Dora “The explorer” Huang What are you studying, and how long have you been at Bond? I have been deeply involved in the discipline of being a world class explorer for two semesters. If you read the Bond Undergraduate Handbook, it may also come under Law/Commerce. Favourite animal and why? Diego - that bitch does everything I tell him to. He is practically a dog. Definitely the best petcousin ever. Describe your ideal date. Long walks on the beach, candle-lit dinners, poking dead things with a stick and exploring the global cuisine at Bond Cafe - om nom nom. How would you braid someone’s hair? Roughly and with unnecessary force.

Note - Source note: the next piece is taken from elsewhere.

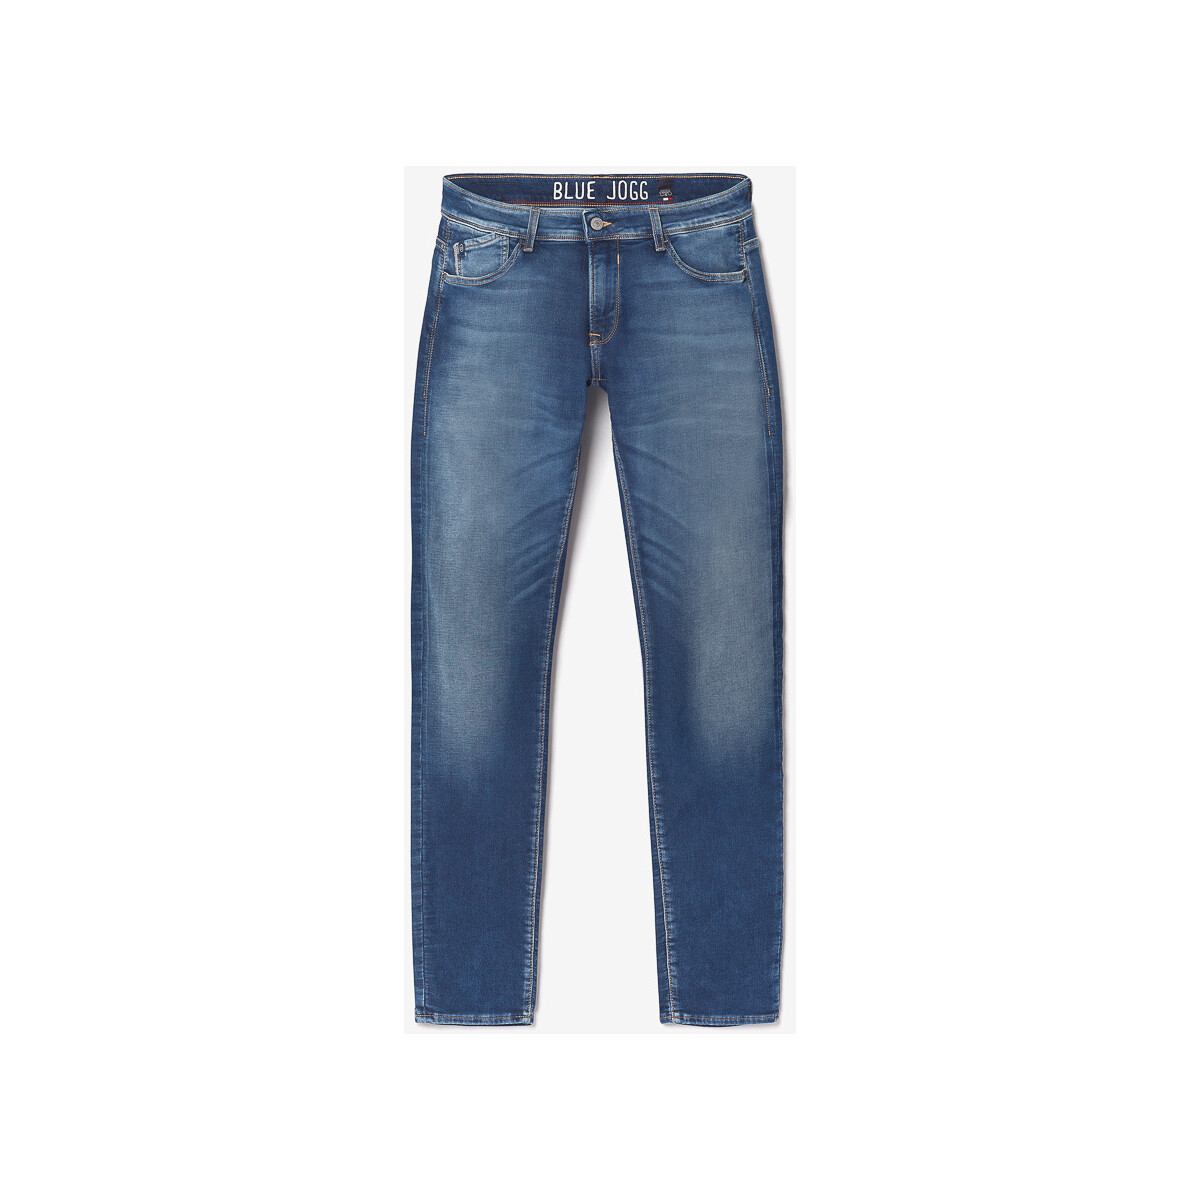 Le Temps des Cerises Bleu Jogg 700/11 adjusted jeans bl

Shout outs to Bonnie, Marryum, Steph and Racky, Christopher Columbus...
What is the best place that you have explored? The underground cellar at Don’s.
Greatest achievement at Bond so far? Finding a caterpillar in my sushi... I still eat it though... extra protein. But actually... meeting the love of my life, Stephanie Smith. Frape? If you could have a superpower what would it be? I wish I had the mental power to walk down the thinking steps whilst thinking about my problems. How do you find living in the Blocks? Awkward. Bitch please... I live in the bungalows. Best Facebook group you’ve seen lately? “Dropping a spoon and naming your Chinese kid after the noise it makes.” Note: Dora is just a pseudonym... my real name is Ting Ling. Why couldn’t my parents just use chopsticks like normal Asian parents.